• _EXERCISE INSTRUCTIONS_:
The output should match, line for line, the records from the line containing "EXO-SC BACK TO BACK FANCON IN BANGKOK" through the line containing "CATAGO Unisex Neve", with every picture left out.

• _WORKING DATA_:

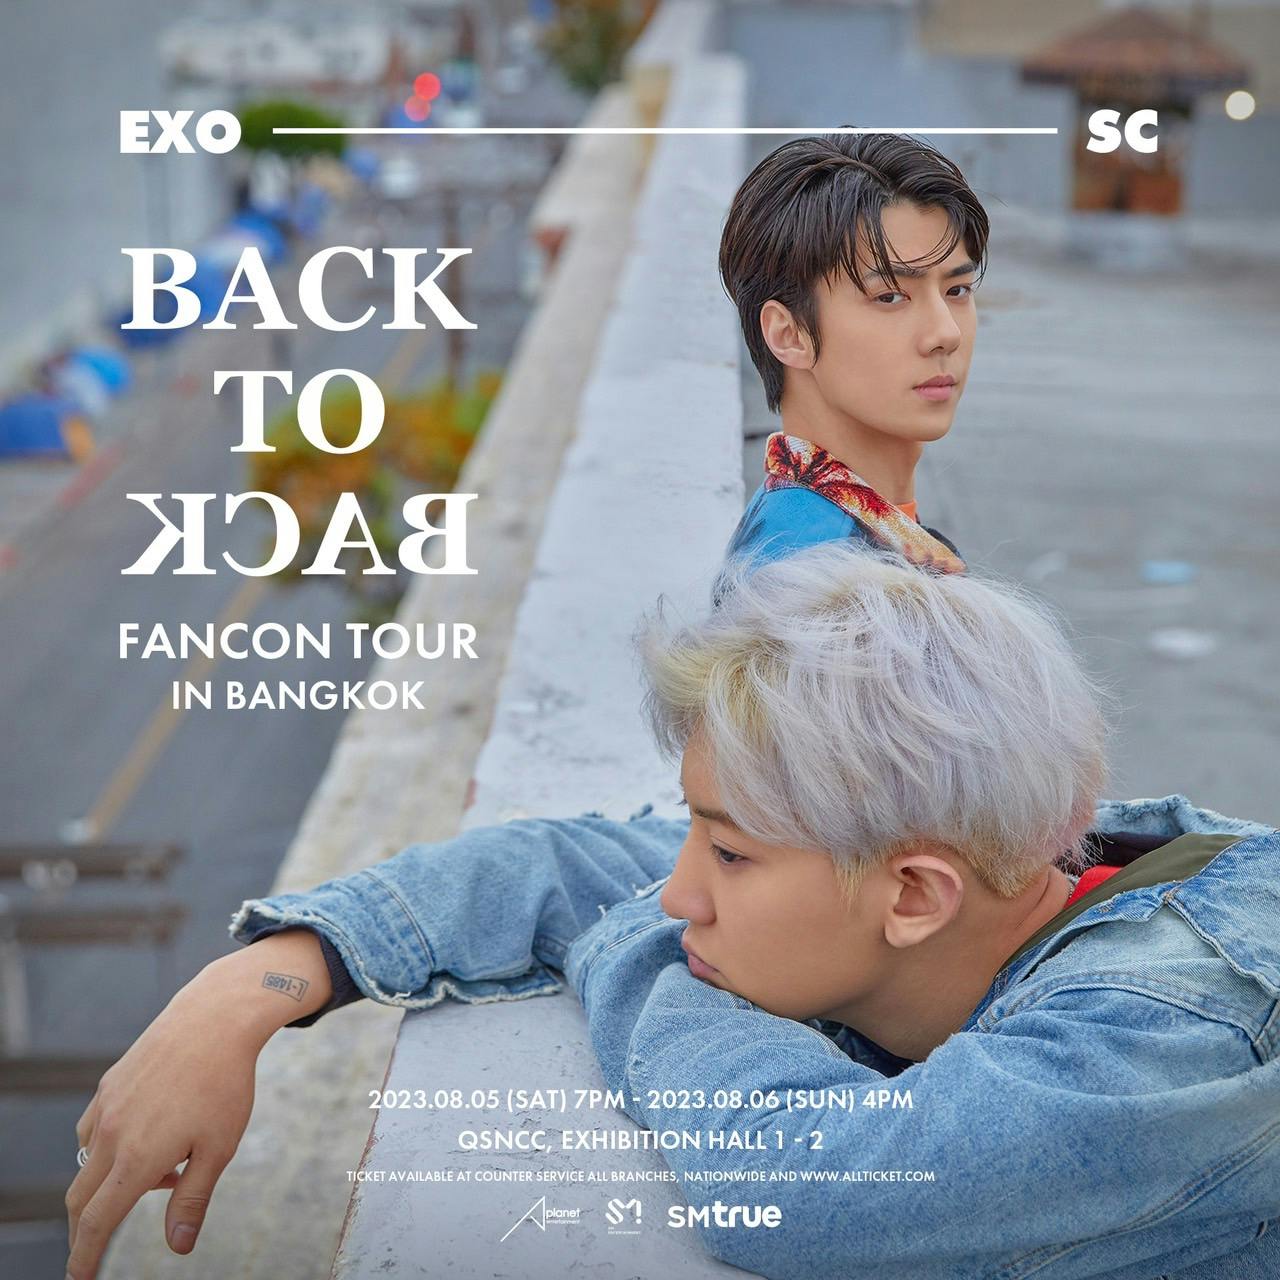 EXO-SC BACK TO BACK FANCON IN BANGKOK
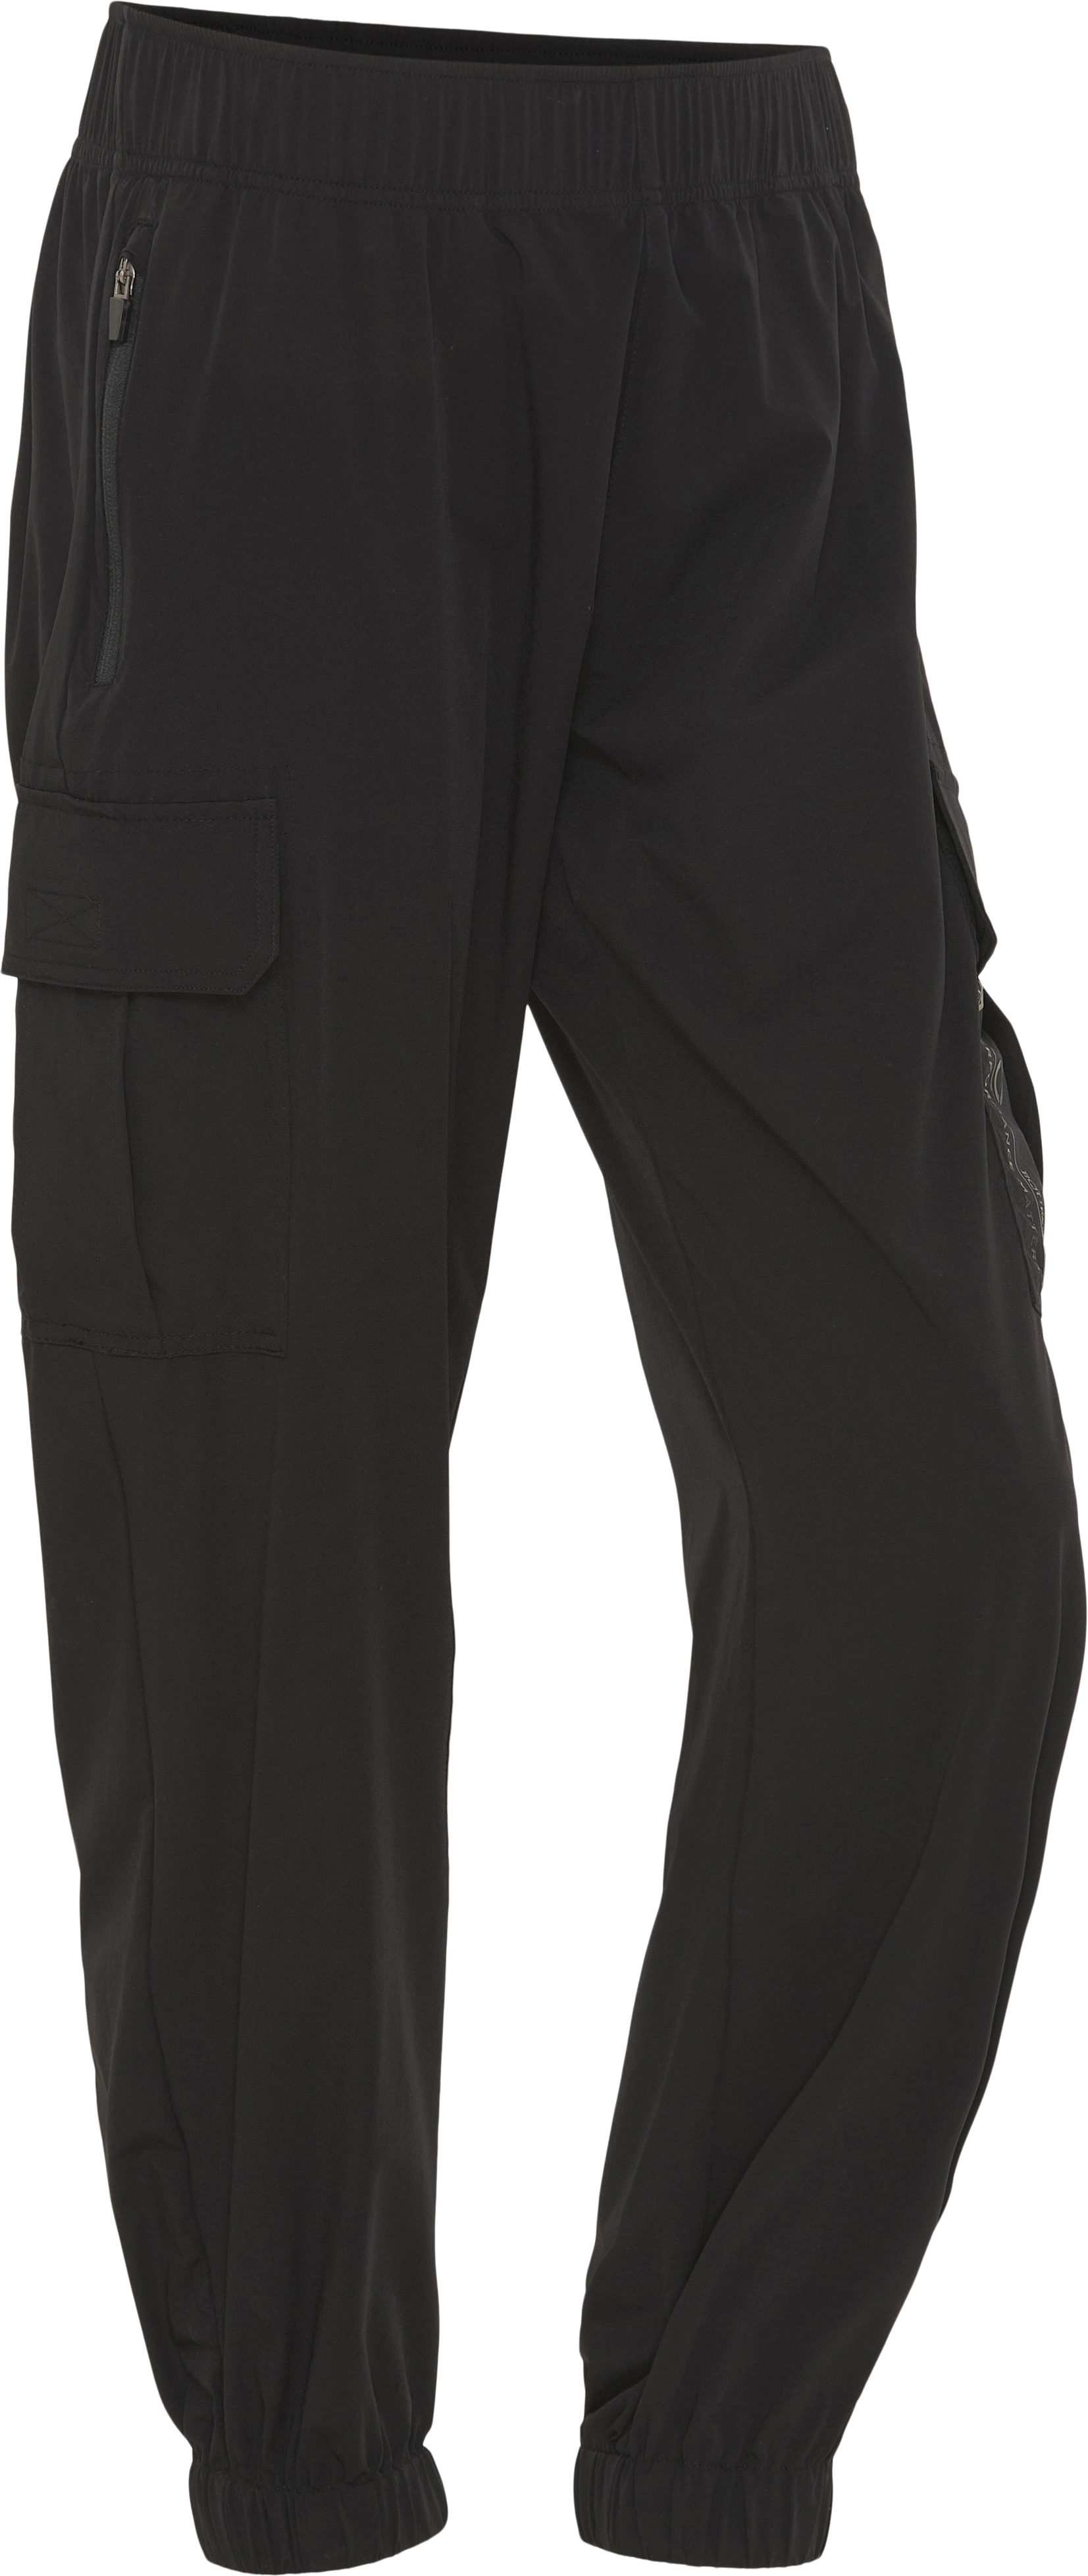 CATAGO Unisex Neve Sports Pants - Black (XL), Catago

--

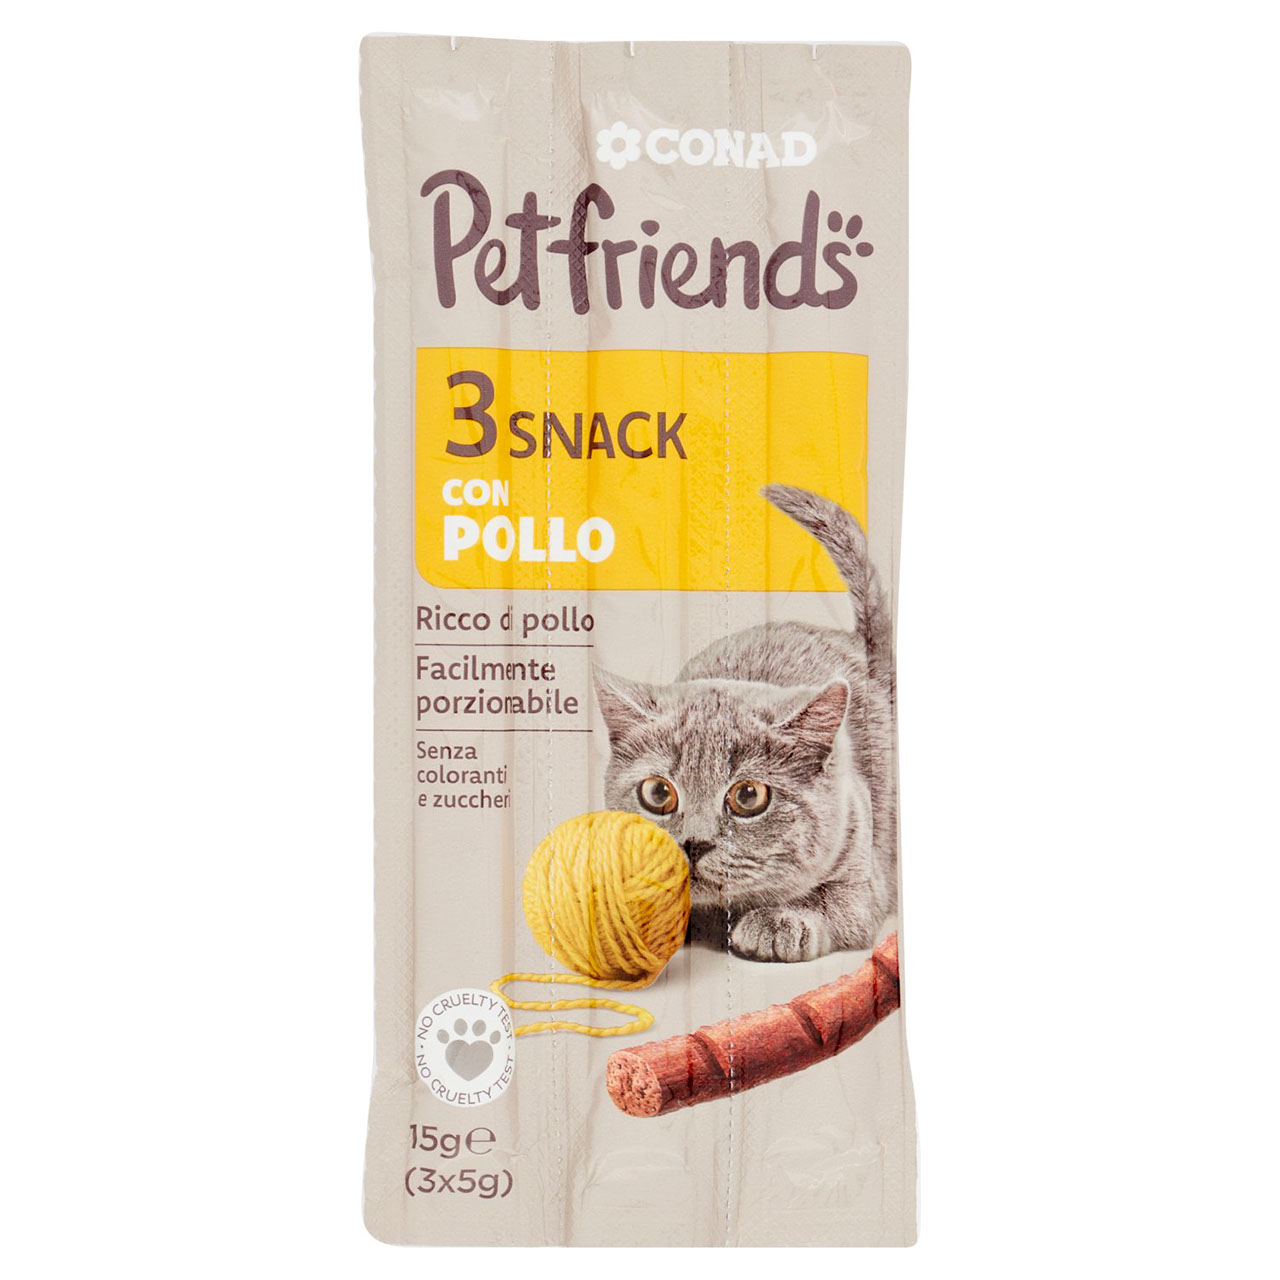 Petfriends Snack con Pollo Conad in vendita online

---

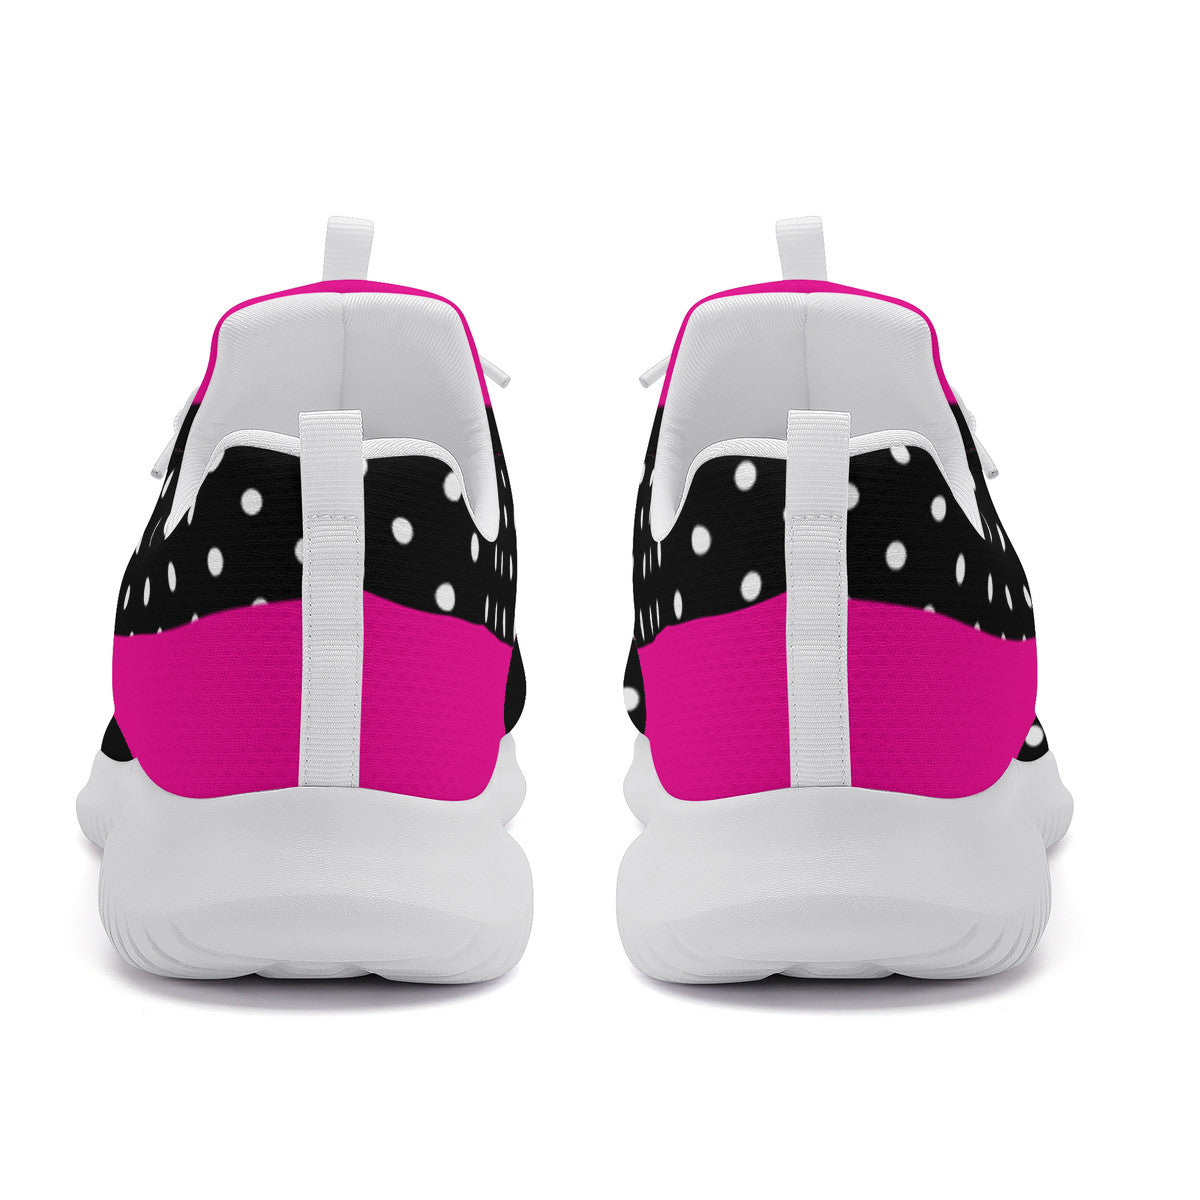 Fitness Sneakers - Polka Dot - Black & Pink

• _RESULT BELOW_:
 EXO-SC BACK TO BACK FANCON IN BANGKOK
 CATAGO Unisex Neve Sports Pants - Black (XL), Catago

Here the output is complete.